Rather than viewing autonomy as equivalent to independency, it is better to see autonomy as a means to greater freedom to proclaim salvation by grace alone through faith alone in Christ alone. Autonomy guarantees the freedom of individual churches to proclaim the gospel in whatever ways they see most fitting, in submission to the Lordship of Christ and with guidance from the Scriptures. Baptist associations and conventions should help churches to cultivate this sort of gospel-centered cooperative autonomy. Local church autonomy should spur churches on to greater faithfulness rather than tempting them to strike out in their own direction, as if the wider church does not exist and Christ is not the Lord of the whole church, wherever it gathers in local congregations.

Liberty Of Conscience

Baptists have always argued that every person is free to follow his or her conscience in religious matters without any human coercion. The Abstract of Principles (1858) offers a good summary of this conviction:

God alone is Lord of the conscience; and He hath left it free from the doctrines and commandments of men, which are in anything contrary to His word, or not contained in it. Civil magistrates being ordained of God, subjection in all lawful things commanded by them ought to be yielded by us in the Lord, not only for wrath, but also for conscience sake.[40]

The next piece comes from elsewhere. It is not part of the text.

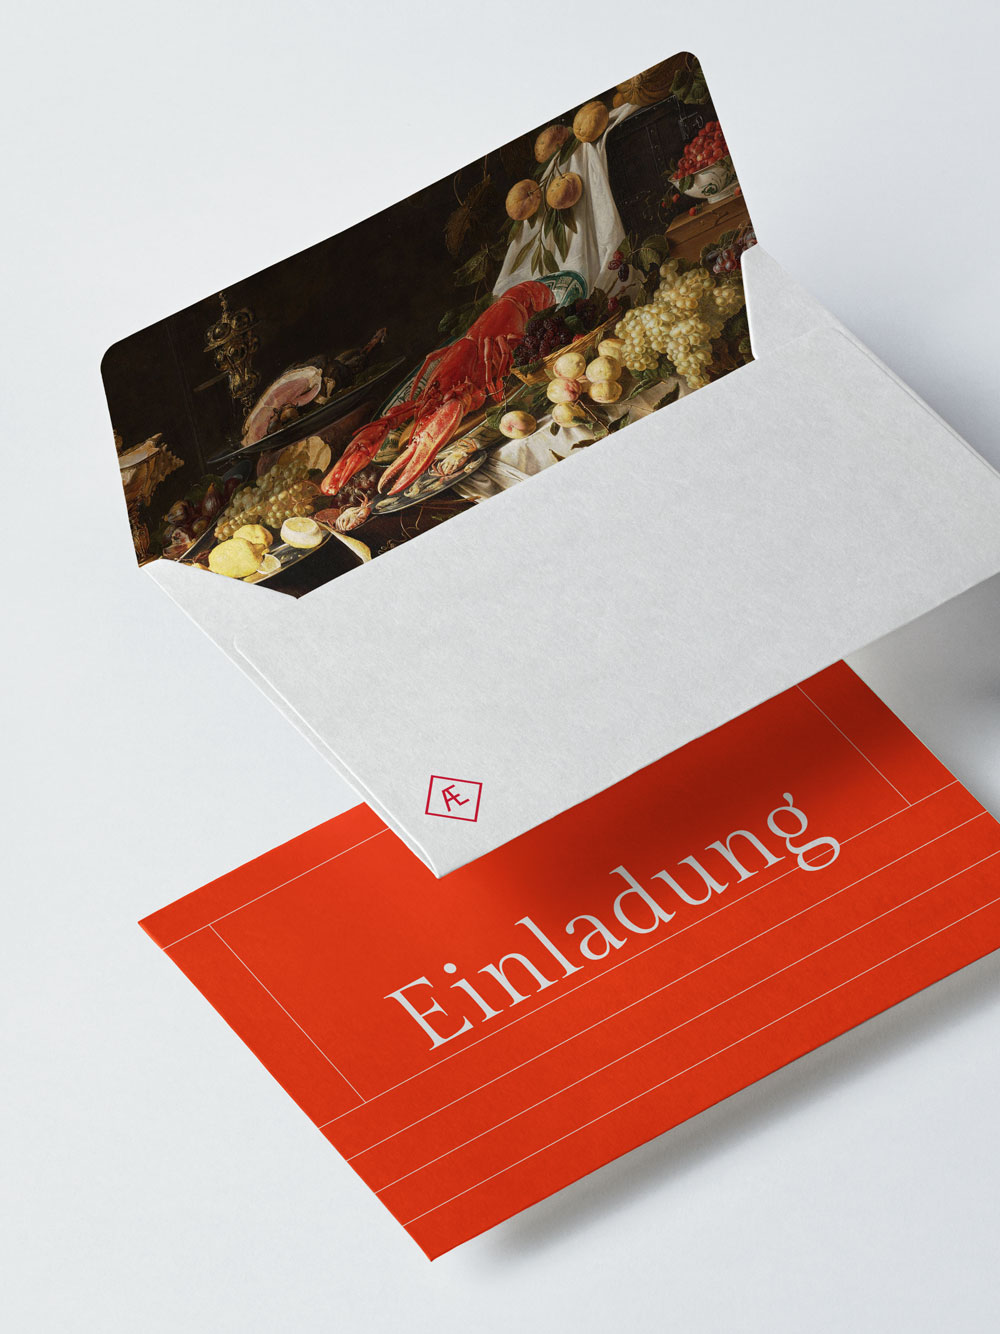 auf grauem Hintergrund schweben rote Karte mit hellgrauem Schriftzug Einladung, darüber offener grauer Briefumschlag

Baptists have sometimes called this principle by other names such as “soul competency,” “soul freedom,” or “soul liberty.” These terms are more or less synonymous historically, though in recent years they have taken on different nuances, depending upon who is employing which phrase.

Liberty of conscience is not so much a clear biblical principle as it is a broader emphasis that undergirds the other Baptist distinctives. As Stan Norman argues,

Our convictions about and commitment to biblical authority, the lordship of Christ, and the nature and practice of a New Testament church require that we advocate soul competency and religious freedom. Understood this way, religious freedom and soul competency are doctrinal corollaries of our other distinctive principles.[41]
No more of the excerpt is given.